The mainshock was followed by prolonged aftershock activity, with major earthquakes continuing for at least 50 years, including one with estimated magnitude of more than 6.5 in 1846.

Maximum displacement during the earthquake is estimated at 12 m, based on the height of the bund and the amount of subsidence to the south. Combined with a lateral extent of at least 80 km, this gives an estimated moment magnitude of 7.7±0.2. This matches well with magnitudes estimated using both the total felt area and the area of VIII intensity. Other estimates based on intensity measurements give magnitudes as high as 8.2.

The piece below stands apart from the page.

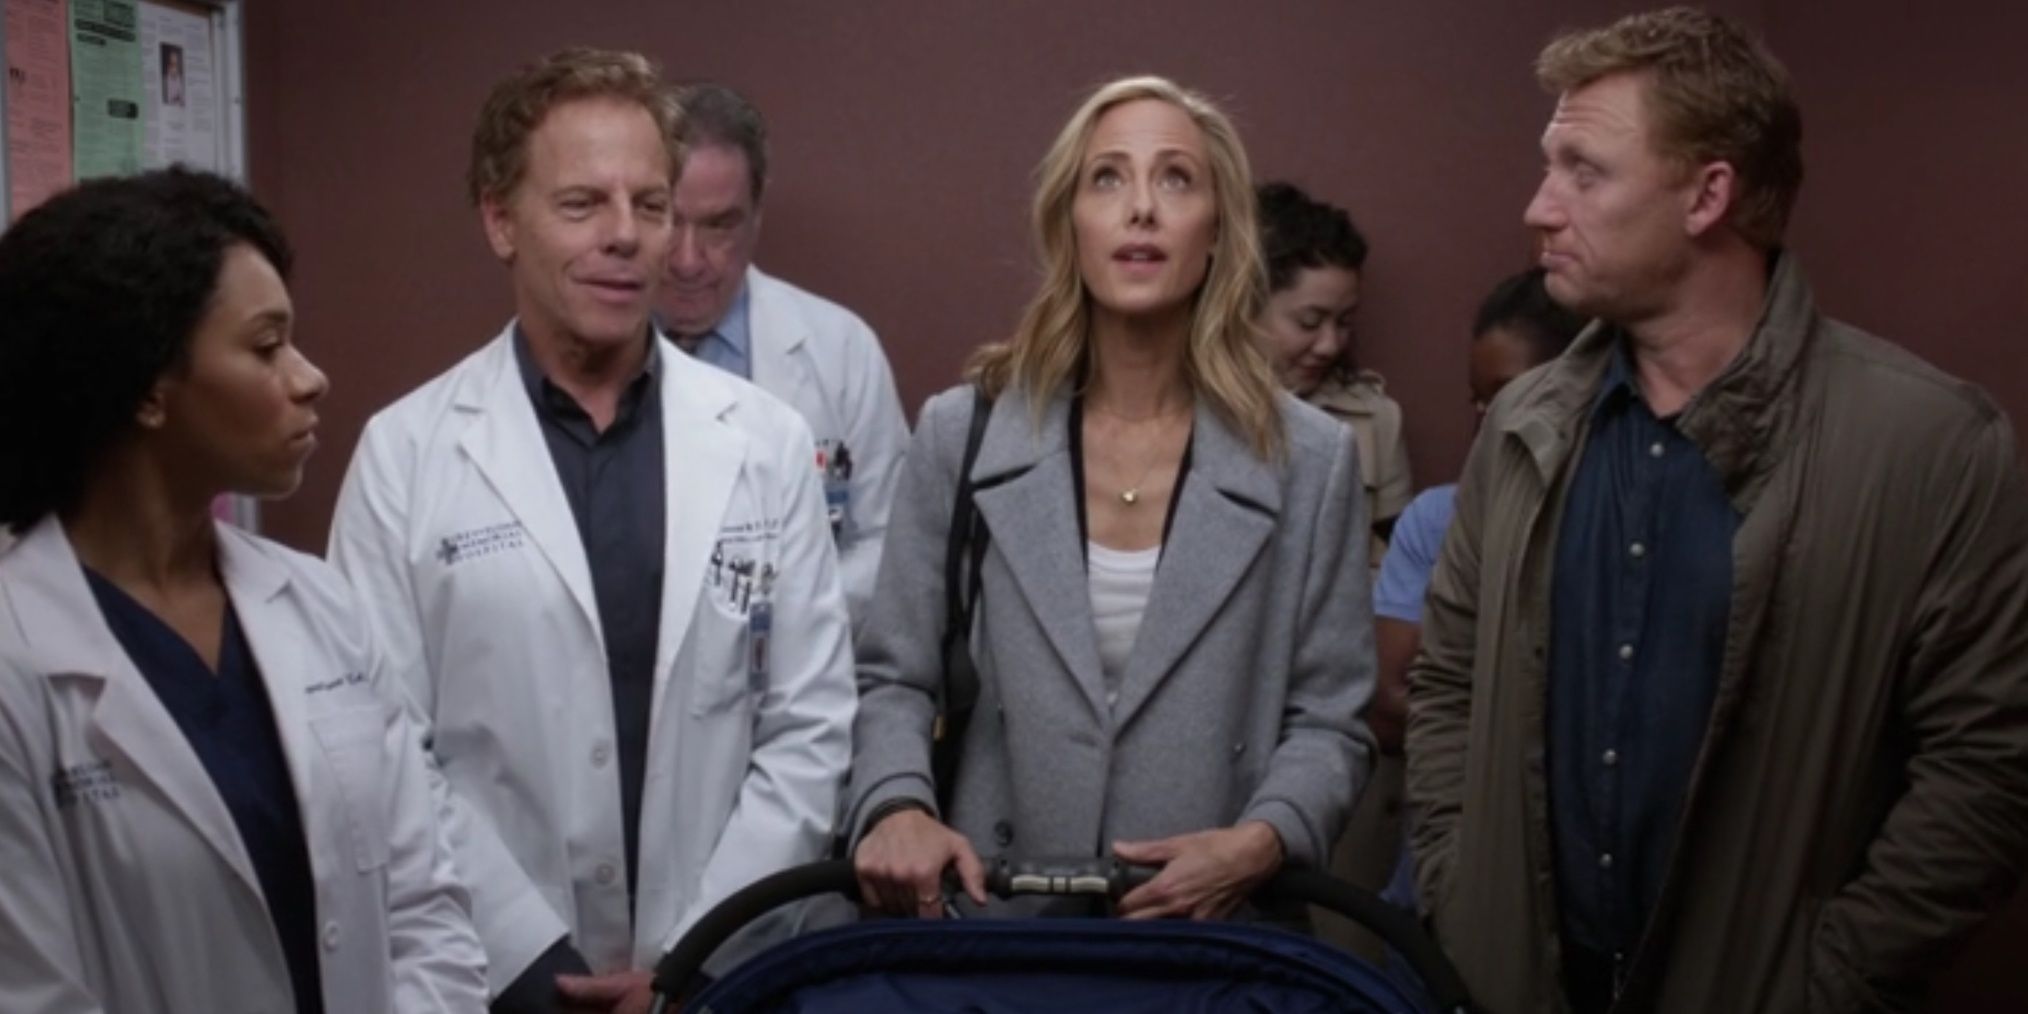 Teddy waits in the elevator with fellow doctors in Grey's Anatomy
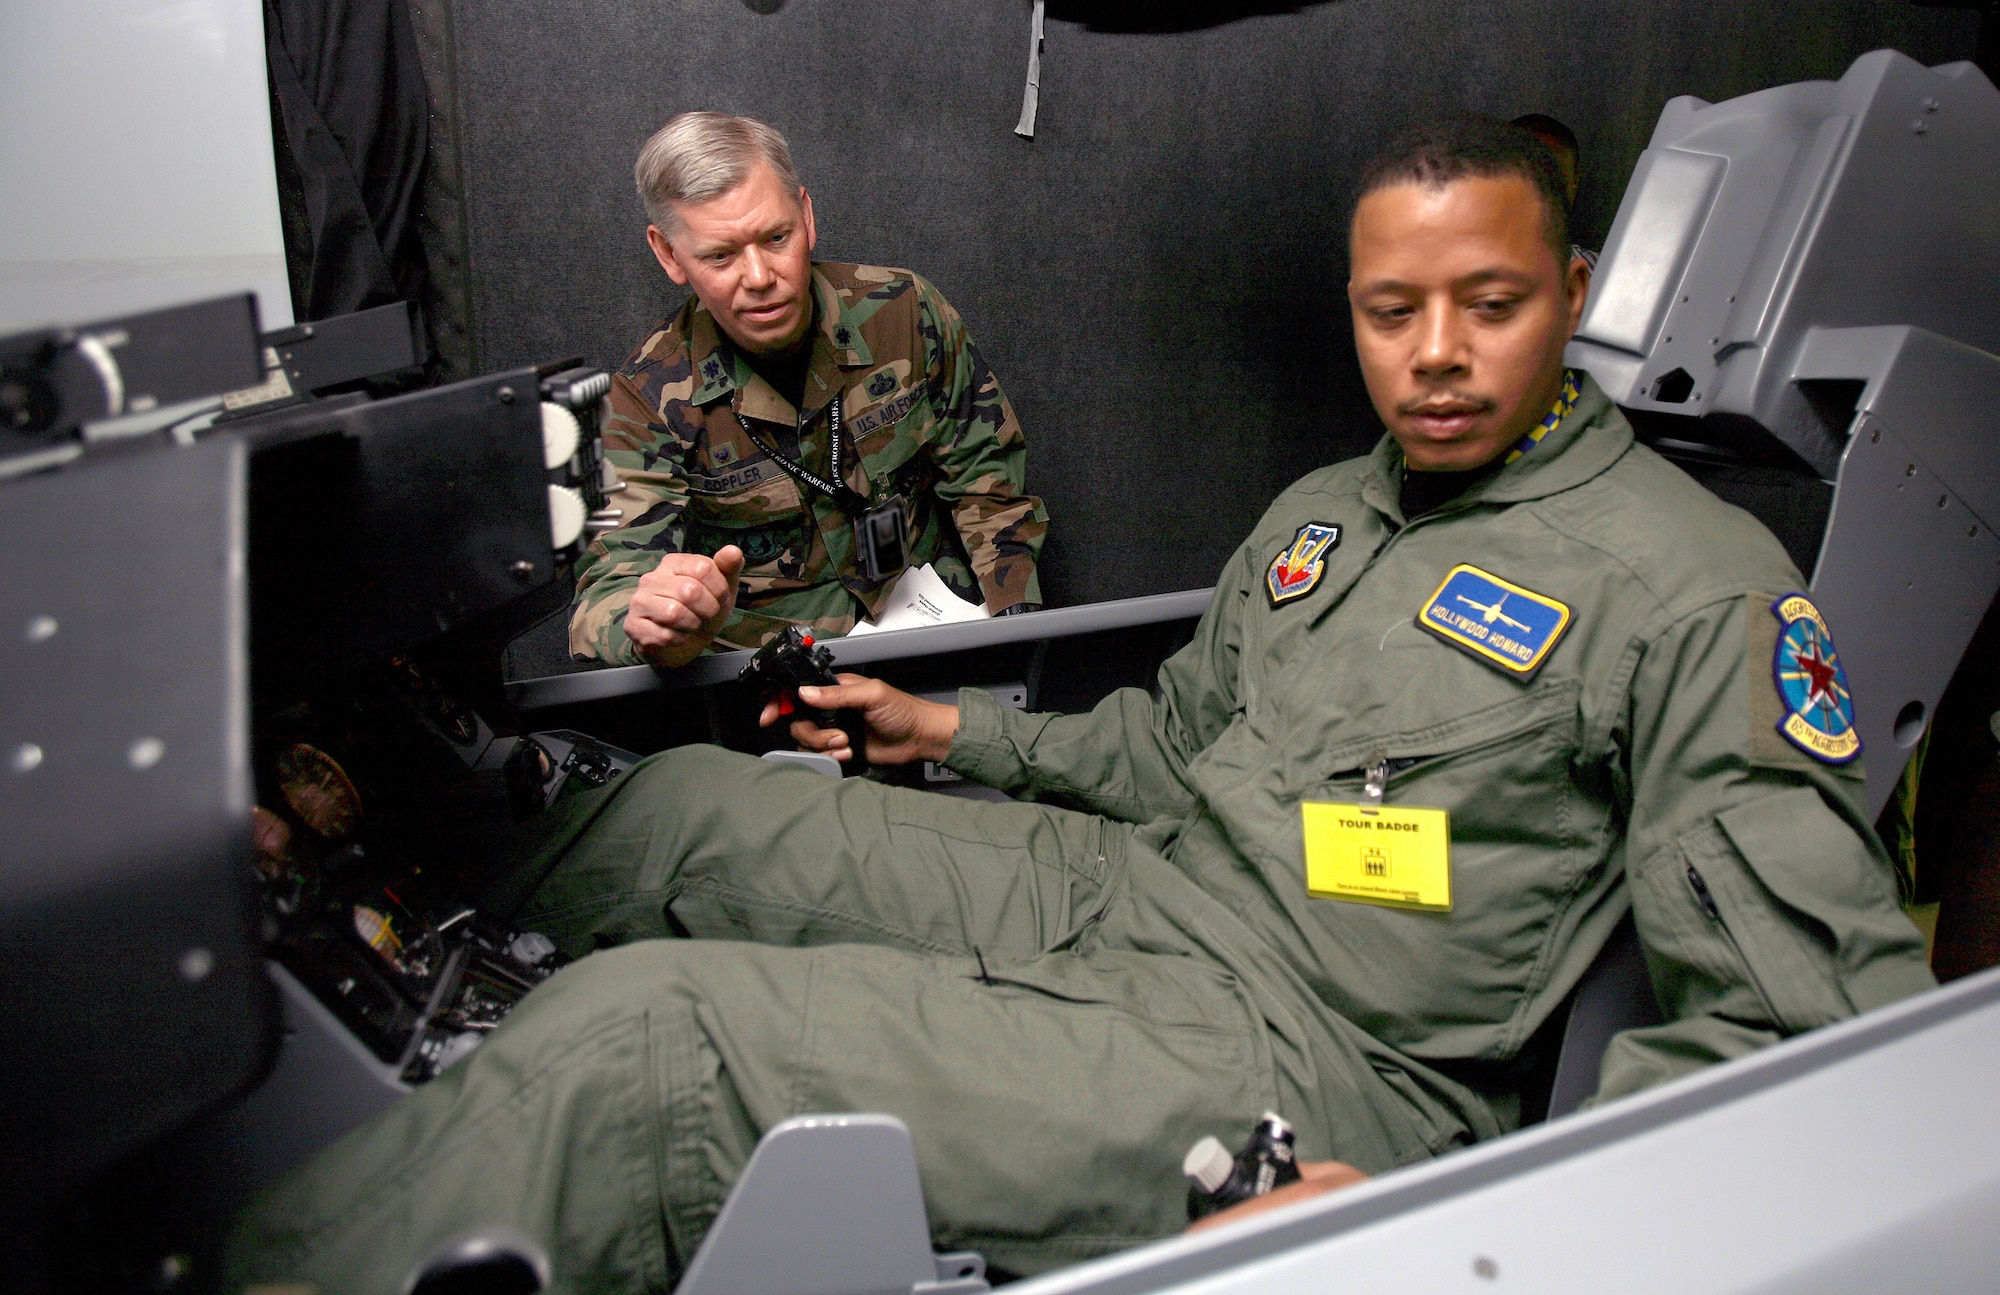 Lt. Col. David Coppler instructs actor Terrence Howard on the controls of an F-16 Fighting Falcon simulator at Edwards Air Force Base, Calif., to help prepare Howard for his role in the movie, "Iron Man." Movie director Jon Favreau and his crew spent three days filming at Edwards AFB. Colonel Coppler is the 772nd Test Squadron commander. (U.S. Air Force photo/Jet Fabara)

Modelling of the surface deformation indicates that the fault that slipped during the earthquake dipped to the north at between about 50–67°. As faults that dip in excess of 50° are normally unfavourable for slip, it has been suggested that there was relatively high pore-fluid pressure developed at depth to allow this displacement to occur. There is evidence that the Indus river shifted westwards after this earthquake.

Allah Bund

The most obvious topographic effect of this earthquake was the formation of a ridge about 6 m high, extending for 80 km (possibly as much as 150 km) that formed a natural dam across the Puran river. To distinguish it from the man-made dams that were common in the region, the uplifted area became known as the Allah Bund, or Dam of God. The mound produced had a markedly asymmetric geometry, with a shorter and steeper south-dipping margin, about 600 m wide and a dip of 0.65°, and a broader north-dipping margin over 5 km wide with a dip of only about 0.05°.

Sindri Lake
Sindri Lake, with a surface area of more than 1,000 km2, was formed due to subsidence of up to 3 m south of the Allah Bund. Initially, the lake was cut off from the river (damming further upstream had stopped the flow) and was filled with seawater. On the western margin of the lake a small delta built out from the eastern part of the larger Indus Delta. After 1826 the river broke through the artificial dam and eventually broke through the bund itself, causing the lake to become freshwater again.

Later earthquakes
The 1956 Anjar earthquake was  due to reverse faulting, similar in type to that which is thought to have caused the 1819 Rann of Kutch earthquake.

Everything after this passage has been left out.